Like most self-fictions, Fantastic Mr Fox contained its measure of wishful thinking. Pat had never conformed to Mrs Fox’s pipe-and-slippers-fetching ‘little woman’ model of wifehood and, like their mother, Roald’s ‘fine’ children, especially Tessa, were less biddable than the little Foxes. Tessa’s predictable unhappiness was of long duration, beginning with the trauma of Theo’s accident. A year after the accident, Roald had taken Tessa to leading child psychoanalyst Anna Freud, but he resisted Freud’s advice of family therapy: none of his friends, he claimed in Tessa’s account written after his death, could ever write again ‘after they had had all their nooks and crannies flattened like pancakes’.34 Untreated, compounded by the horrors of Olivia’s death and Pat’s strokes, Tessa’s traumas made her exacting and miserable, but Roald was as reluctant to discuss his daughter’s unhappiness with her as he was to talk about his own feelings, incapable then, as always, of responding to suggestions of emotional neediness.

He was also preoccupied by his relationship with Pat. Within a year of Pat’s accident, Roald was wrestling with his marriage’s future. Pat was not a different person from the woman Roald had married. Rather she had become an exaggerated version of her former self, and the traits that were magnified were those that appealed least to Roald: her narcissism, which Tessa has claimed her parents shared, self-indulgence, strident anger – ‘I can’t calm down,’ Pat told the New York Post in 1973 – lack of intellectual interests and theatrical qualities dismissed as ‘actressy’; she herself claimed she had lost any sense of nervousness, the ability to consider abstractions or to dream.35 Again Roald took advice from Geoffrey Fisher that, as before, apparently offered meagre solace. Roald’s feelings were uncomfortably conflicted. ‘I love her,’ he wrote to a close friend about Pat, ‘I’ll never leave her. But I have to live with her all the time, and you would go round the bend within a couple of hours.’36 It was a dispiriting prospect and almost certainly unworkable.

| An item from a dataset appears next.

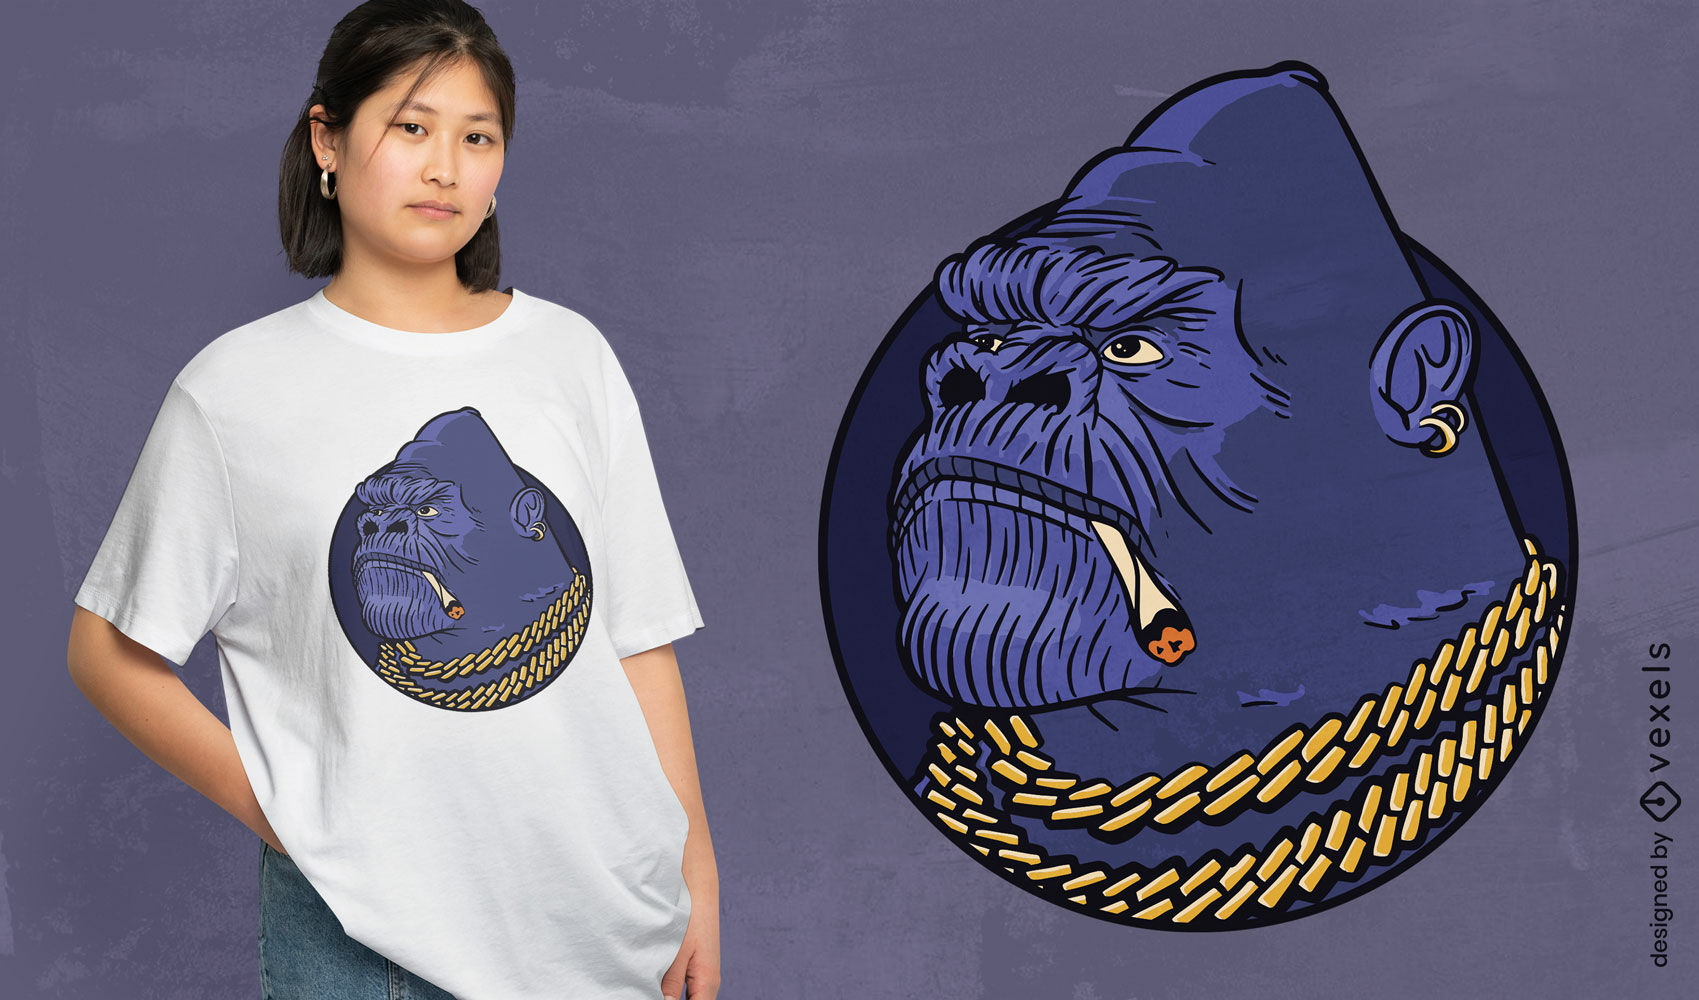 Gangster gorilla t-shirt design
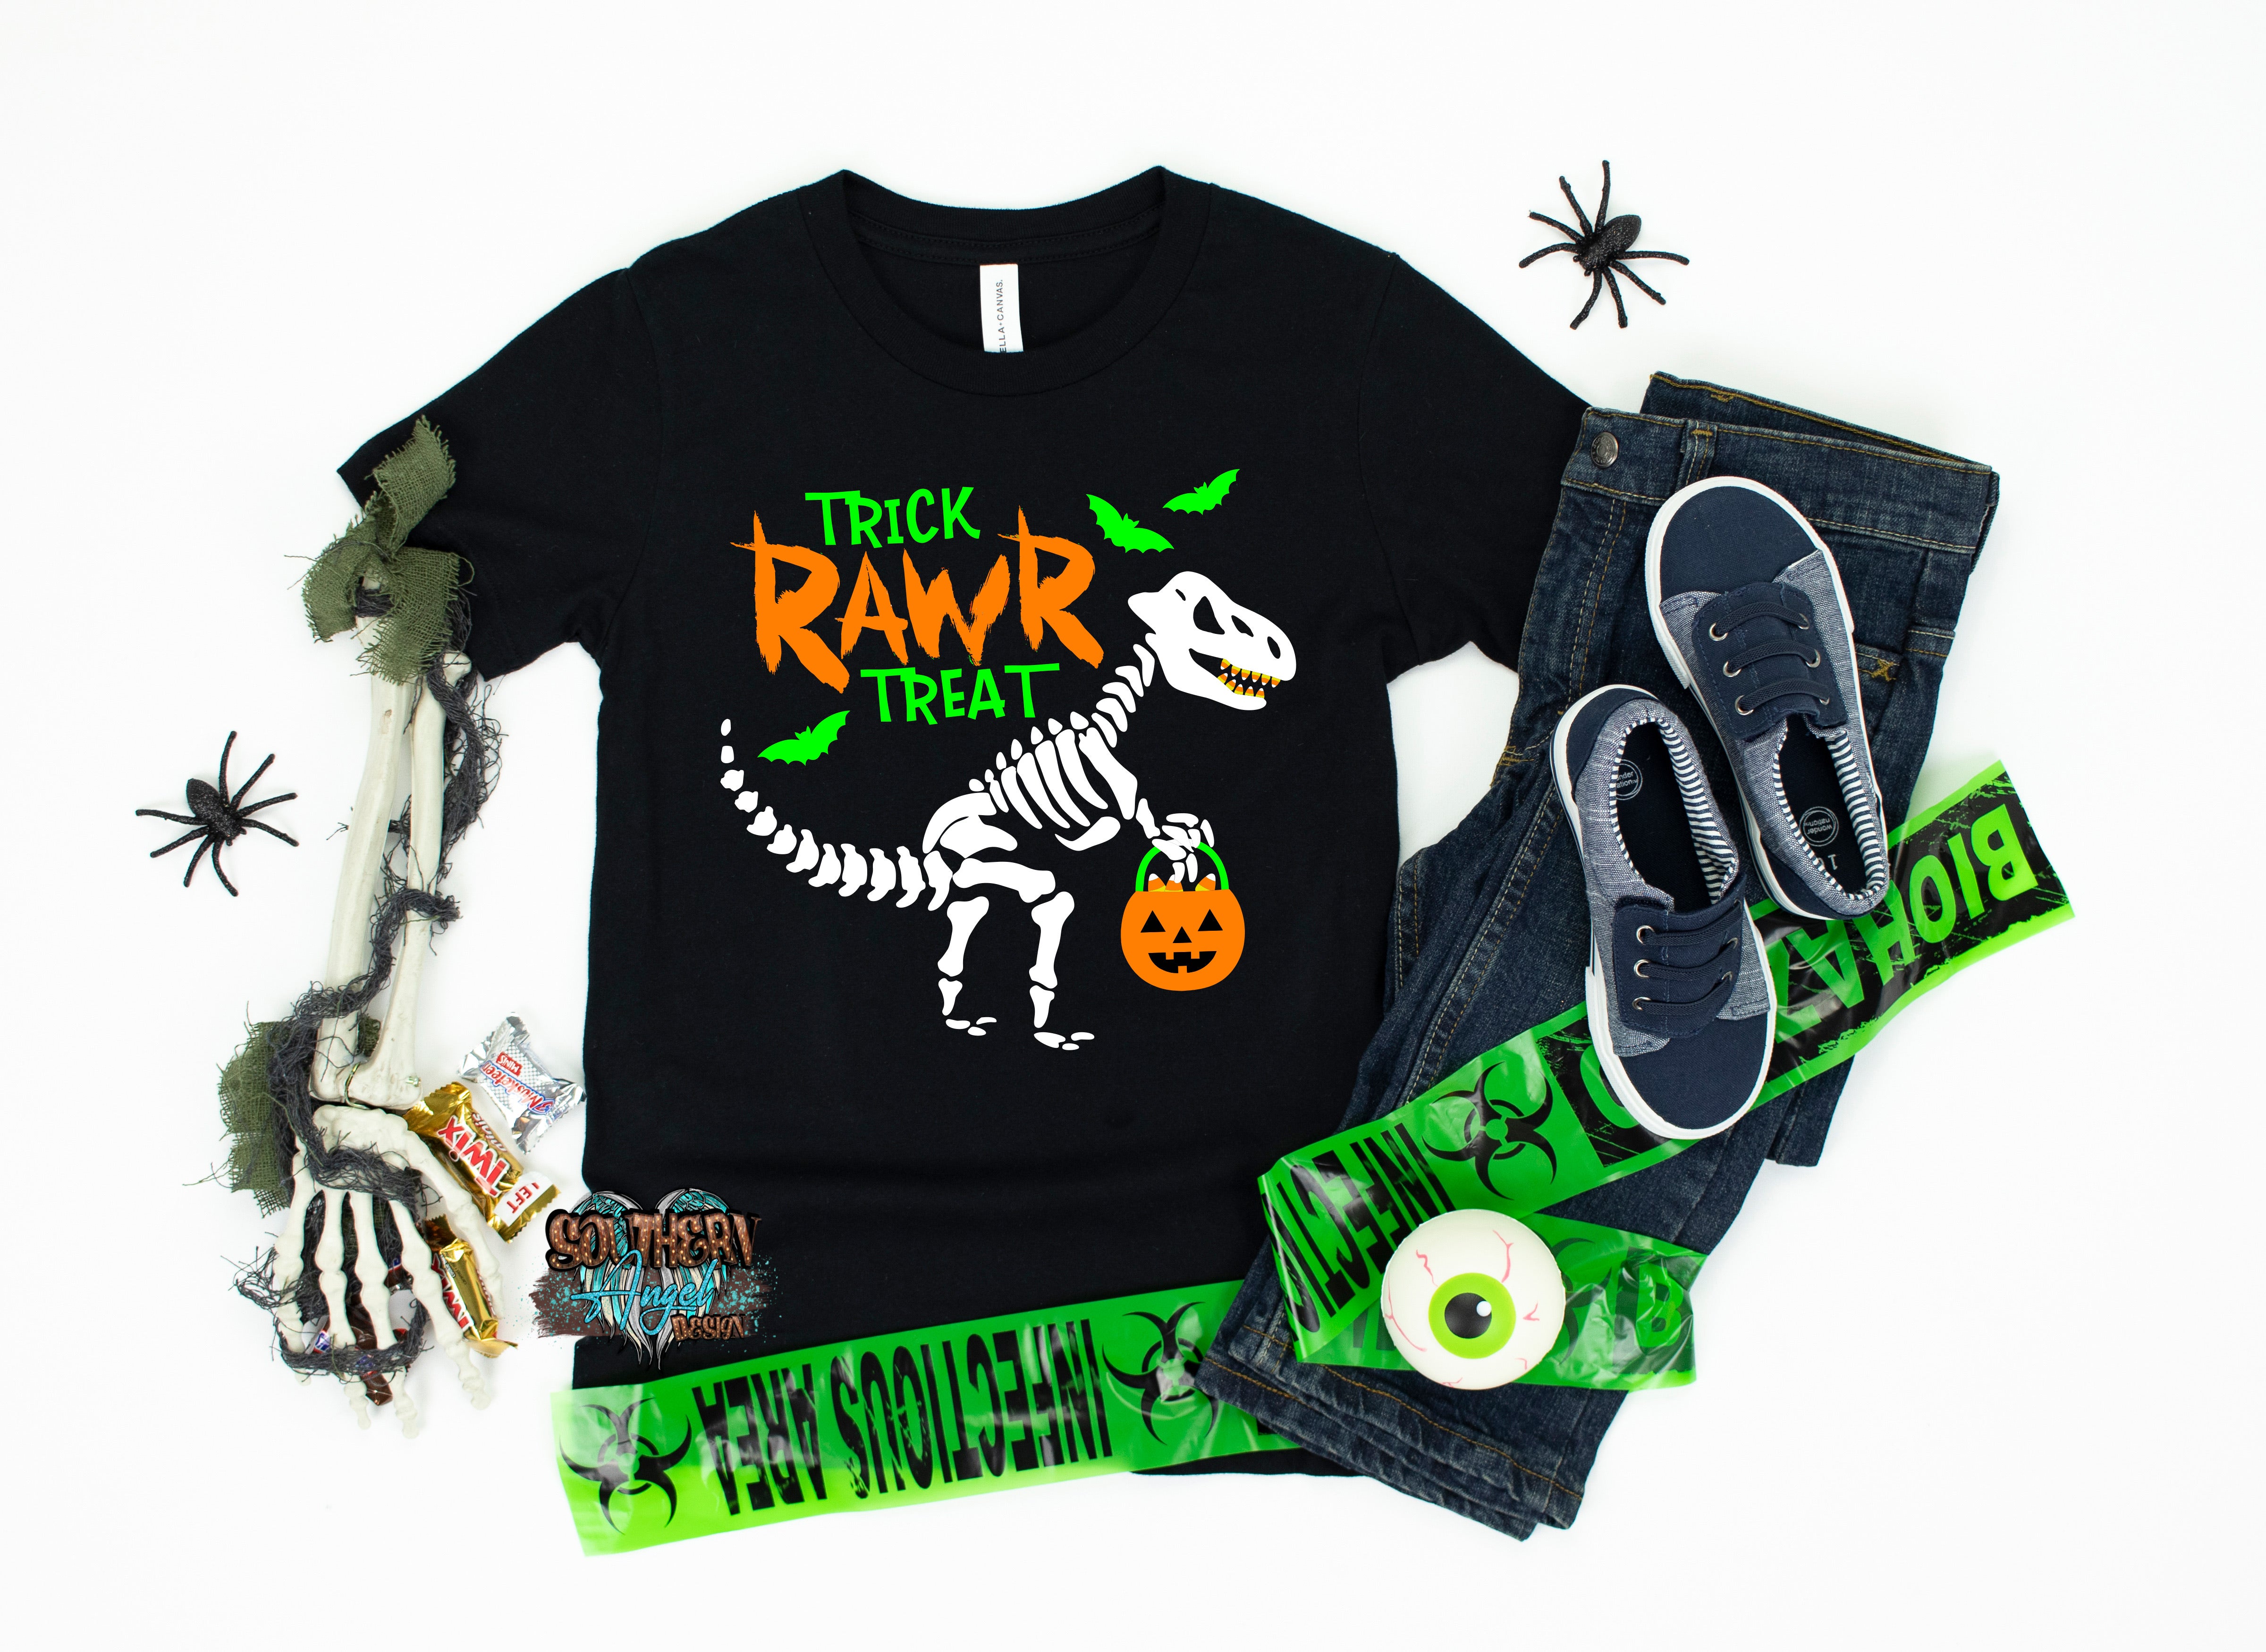 Black Trick Rawr Treat image_aaa501cb-cbe1-4df4-aaf1-43b86e8a357e.jpg trick-rawr-treat-1 Kids Halloween & Fall

Confused, Roald misjudged a project that may have been intended to unite husband and wife. He set out to make his own vehicle for Pat, bought rights to a first novel, embarked on the screenplay, found a producer and a director and made a deal with a production company linked to MGM. Roald boasted that his adaptation of Nest in a Falling Tree was his best to date; he had added to the heroine’s back story by making her, like Pat, a former stroke victim. Joy Cowley’s novel was tense, even chilling. In Roald’s hands, it acquired some of the hallmarks of his short stories: dollops of melodrama, a preoccupation with sex, flashes of humour. The results were uneven, despite the quality of Pat’s performance. Not for the first or last time, Roald blamed everyone and everything else. Pat derived little pleasure from the experience: she was convinced she overheard director Alistair Reid maligning her. Roald described Reid as a ‘very nasty little man’; to Roald’s first biographer, Jeremy Treglown, Reid described Roald as ‘a bully, a big, overpoweringly enormous guy. He would make [Pat] repeat things in front of people, and treat her like a child.’37 Released in the States as The Night Digger in May 1971, the film garnered poor reviews; it was not released in Britain.

Did Pat reflect on the story Roald had chosen for them to tell together? Cowley’s novel is a claustrophobic account of a spinster daughter compelled to care for her demanding invalid mother. Roald appeared unaware of grounds for discomfort on Pat’s part. Pat would argue that she had already glimpsed the precariousness of her marriage.